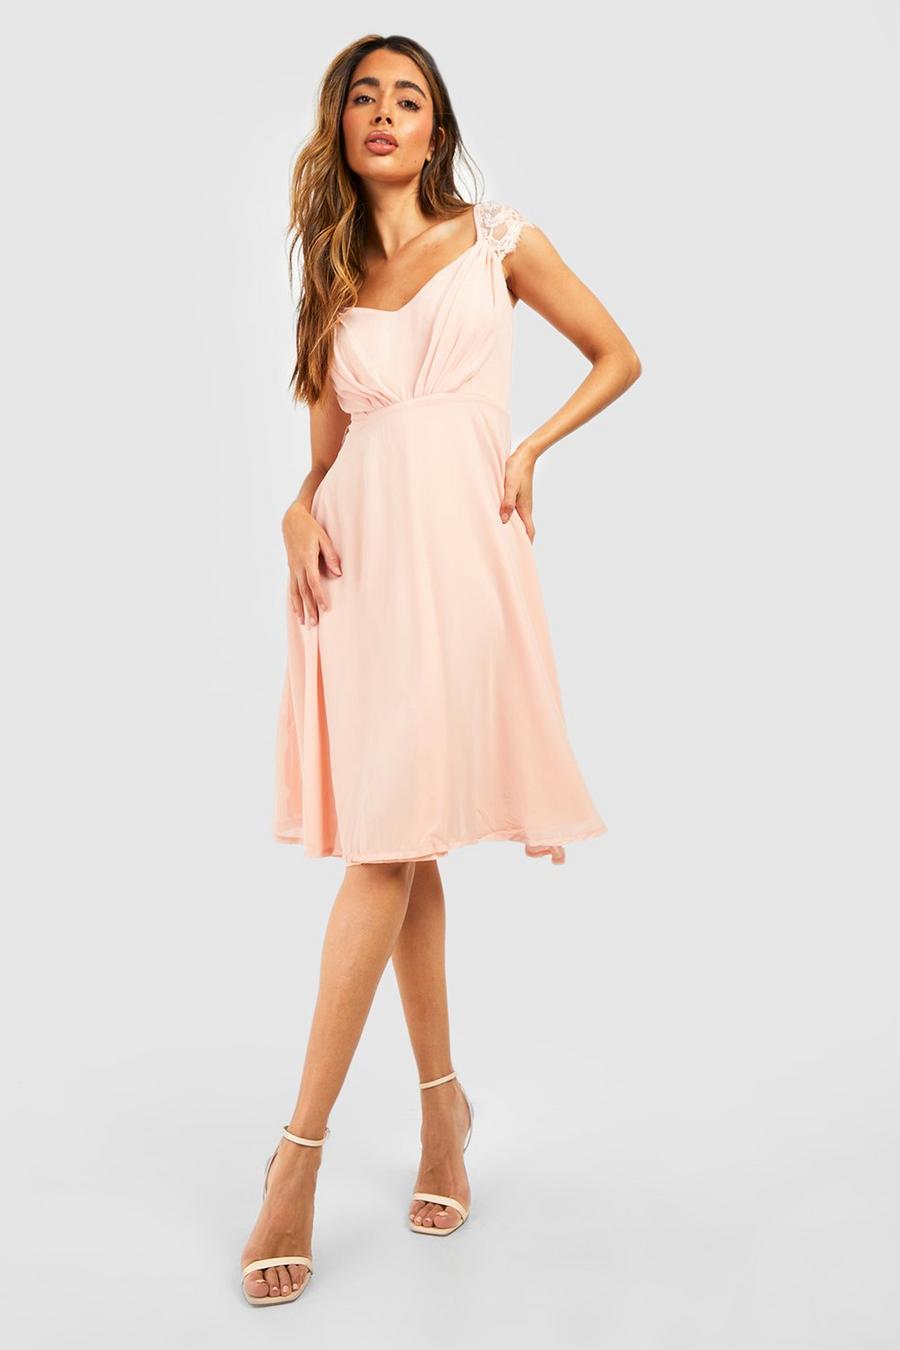 סמוק rosa שמלת מידי סקייטר מבד שיפון לשושבינה עם תחרה image number 1
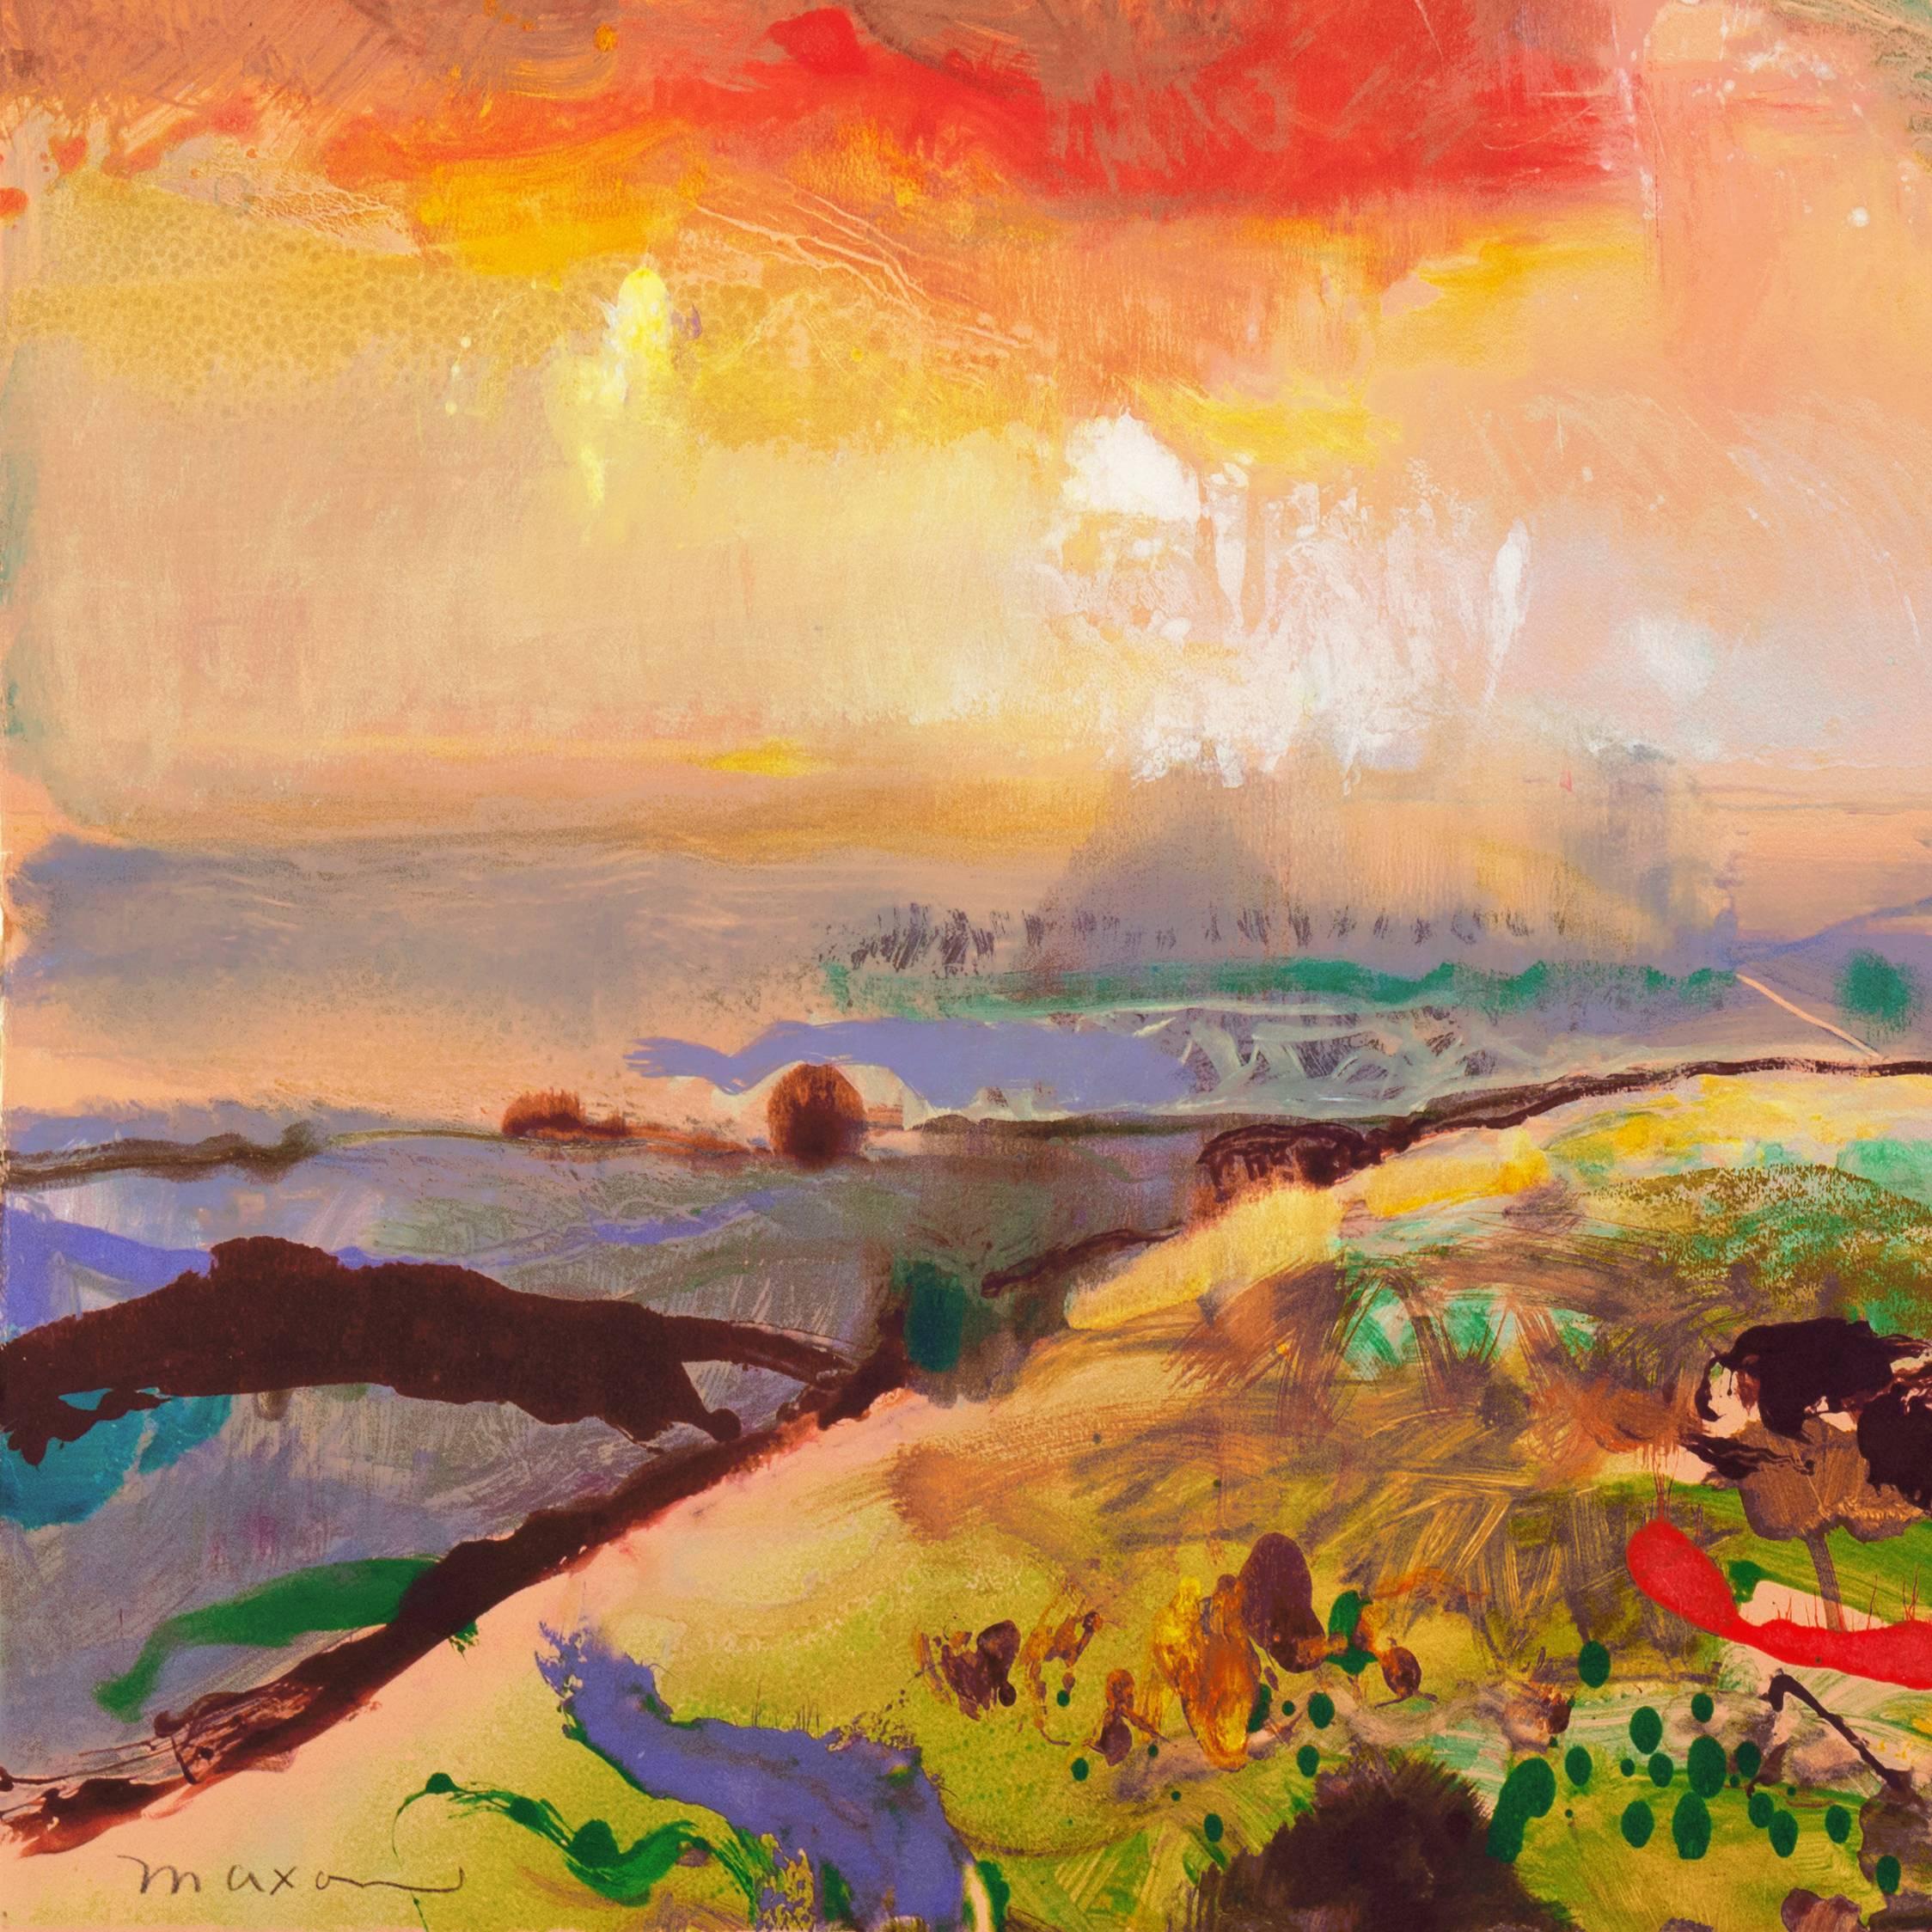 Un paysage monotype de trillium substantiel montrant une vue des champs cultivés et des collines côtières du comté de Monterey, en Californie, baignés dans la lueur d'un coucher de soleil radieux.

Signée en bas à gauche, 
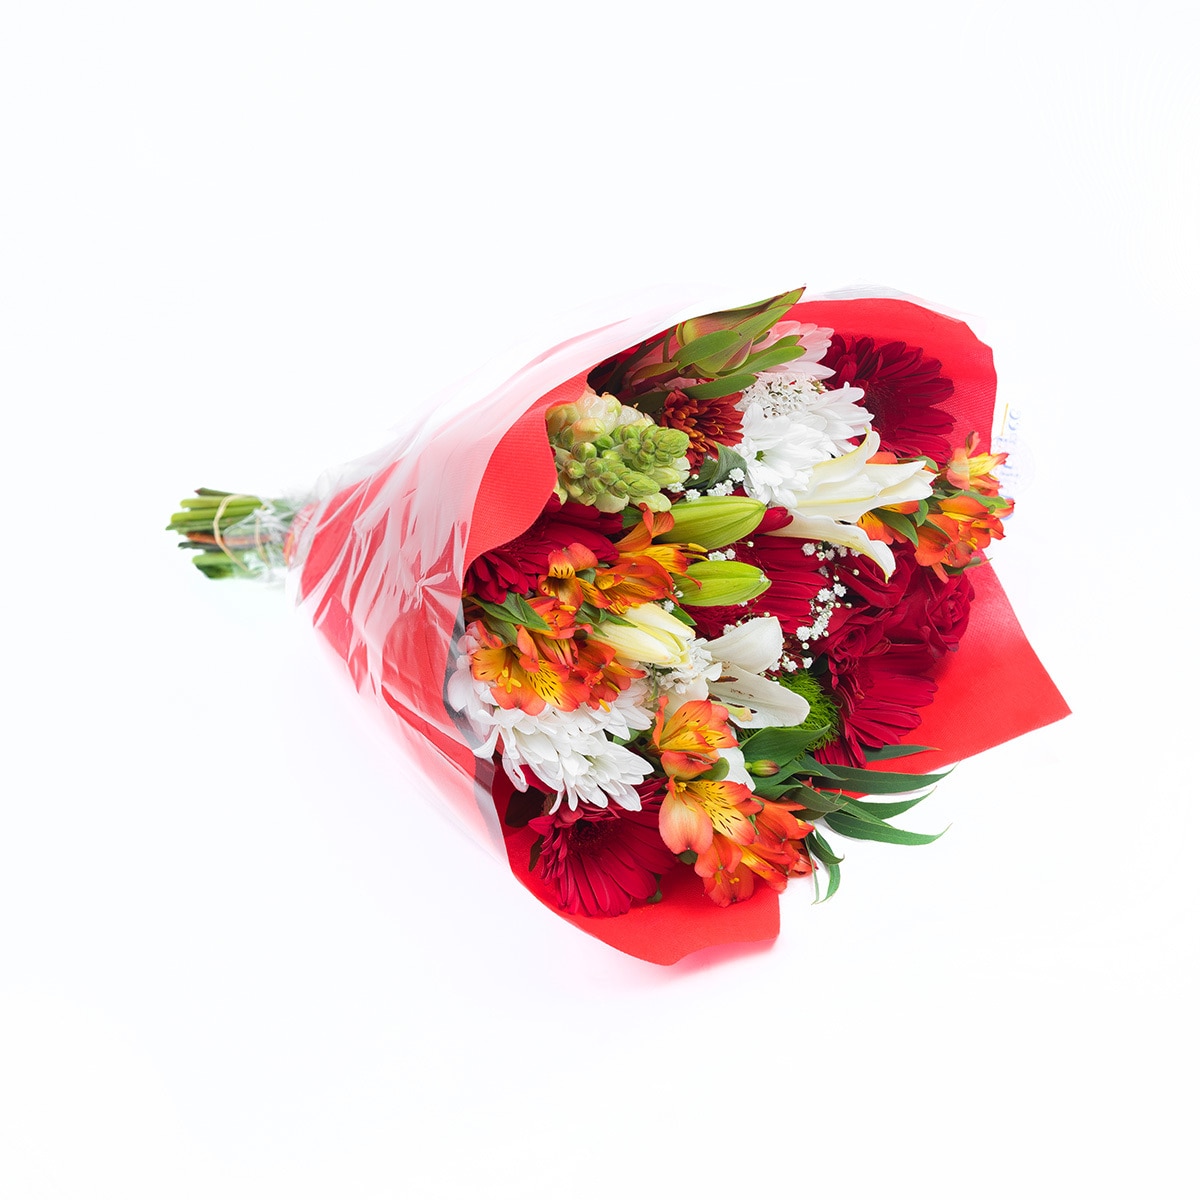 Bouquet mixto de 28 tallos en tonos rojos y blancos

:: WHAT THIS TASK INVOLVES ::
Transcribe the data word for word, with no images.

:: ANSWER TO THE PROBLEM ::
 סמוק rosa שמלת מידי סקייטר מבד שיפון לשושבינה עם תחרה image number 1
 Un paysage monotype de trillium substantiel montrant une vue des champs cultivés et des collines côtières du comté de Monterey, en Californie, baignés dans la lueur d'un coucher de soleil radieux.

Signée en bas à gauche, 
 Bouquet mixto de 28 tallos en tonos rojos y blancos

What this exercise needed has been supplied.